**ACTIVITY:** Word for word, copy the listing below and leave out its images.

**GIVEN INFORMATION:**
________________________________________
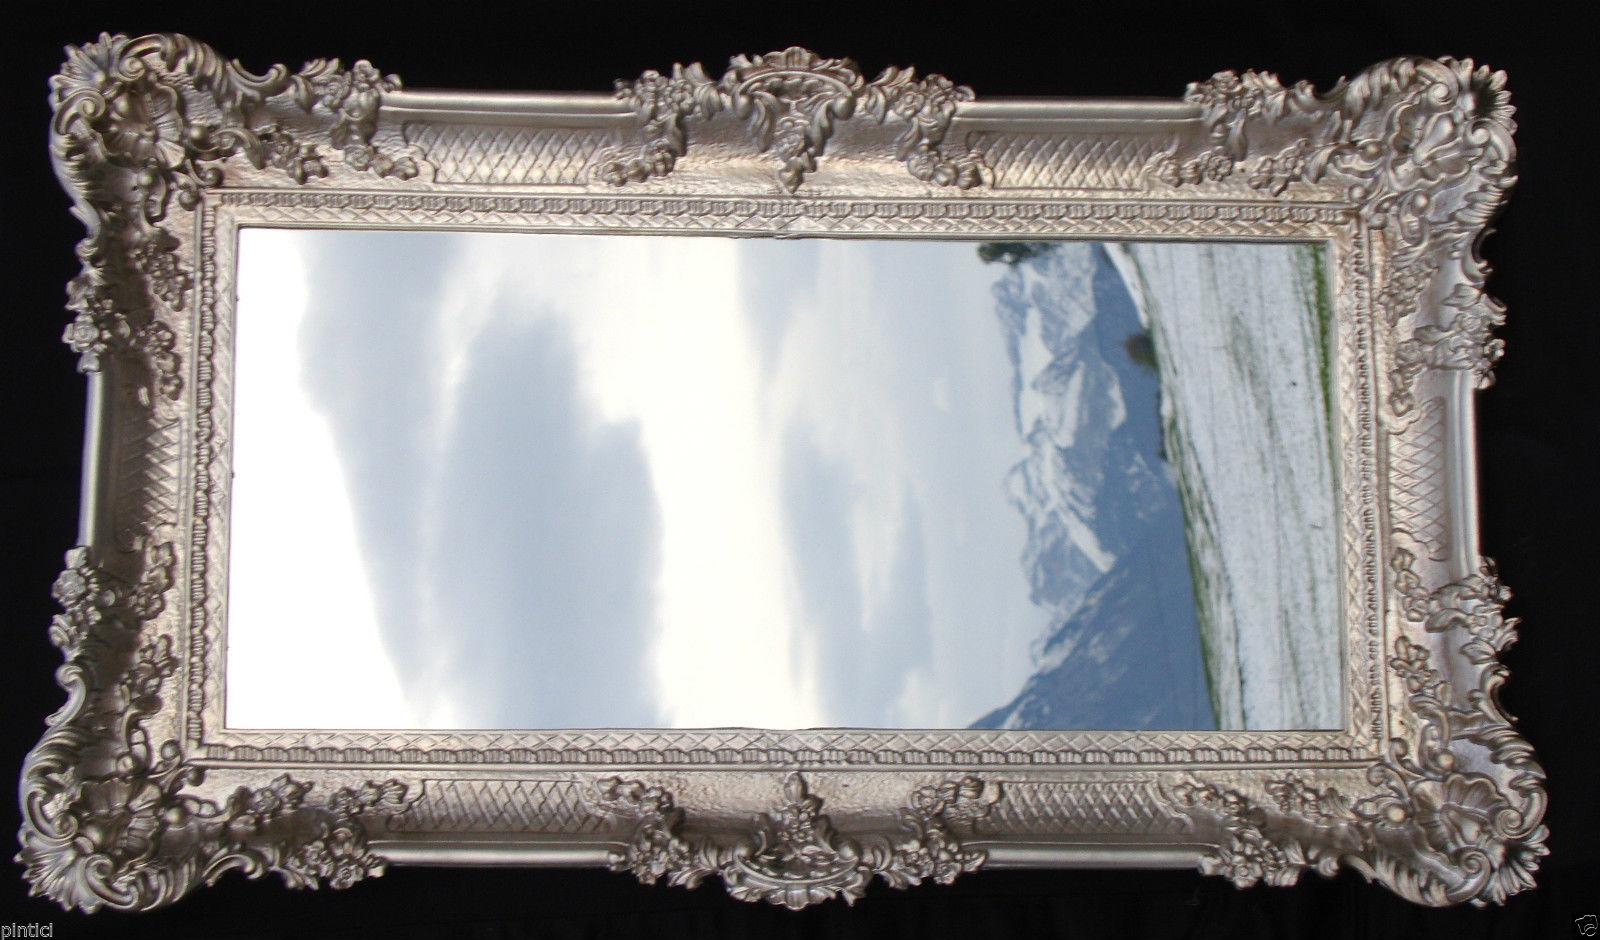 wandspiegel barock antik silber bad spiegel wanddeko 97x58
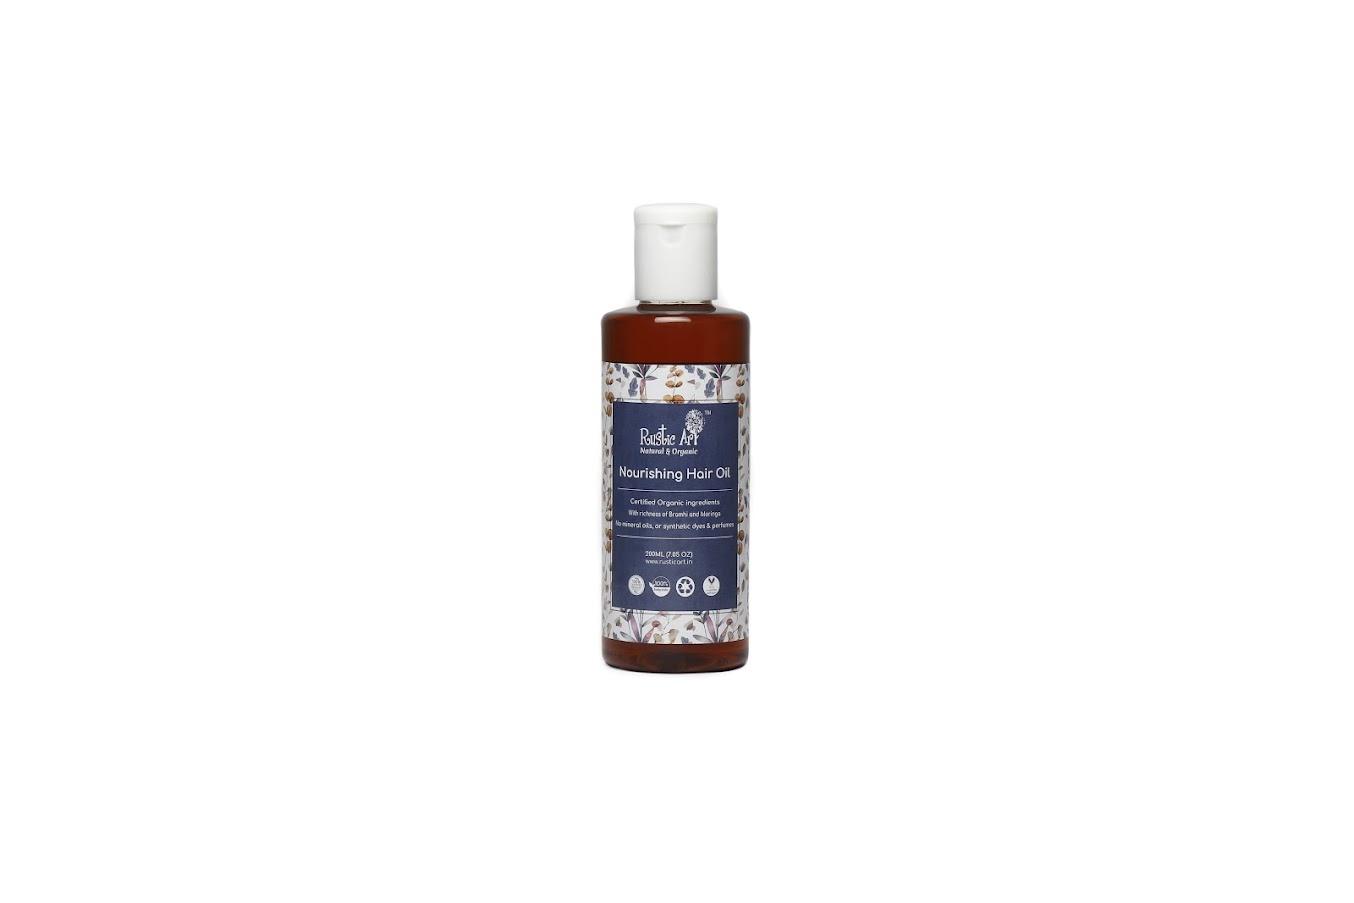 Rustic Art Organic Nourishing Hair Oil
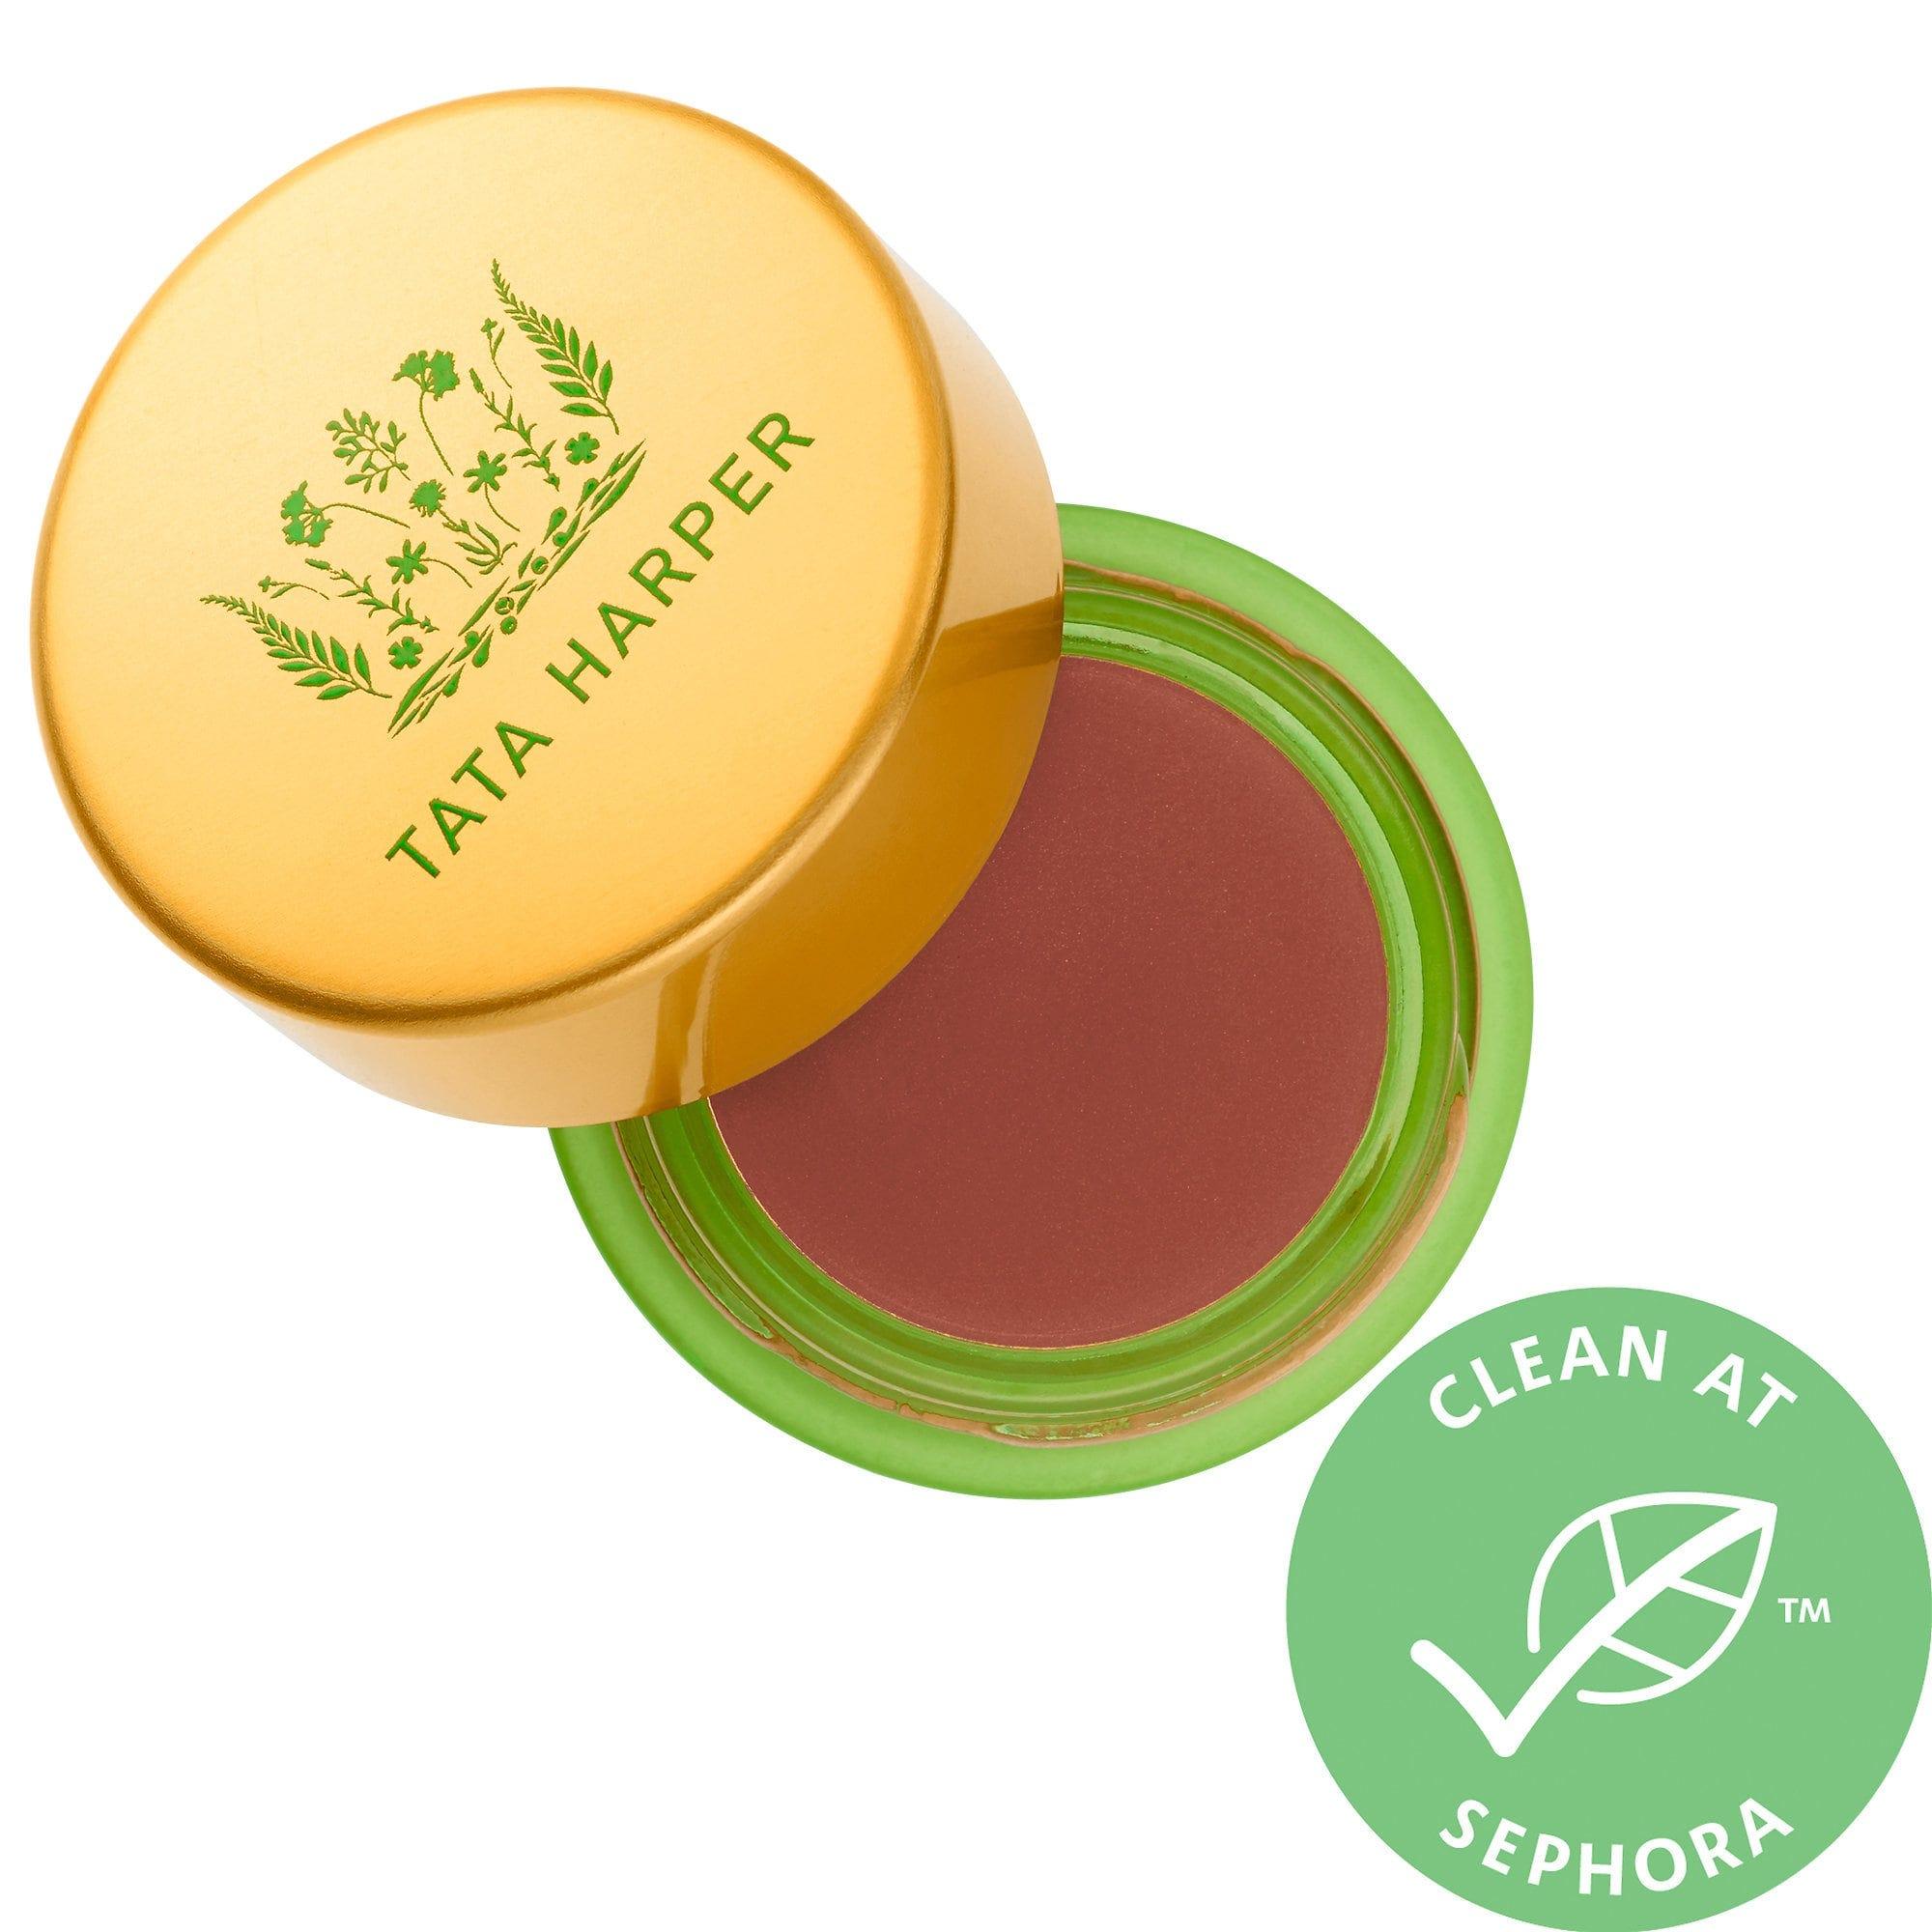 Volumizing Lip & Cheek Tint in Very Popular
________________________________________
**REPLY TO THE TASK:**
 wandspiegel barock antik silber bad spiegel wanddeko 97x58
 Rustic Art Organic Nourishing Hair Oil
 Volumizing Lip & Cheek Tint in Very Popular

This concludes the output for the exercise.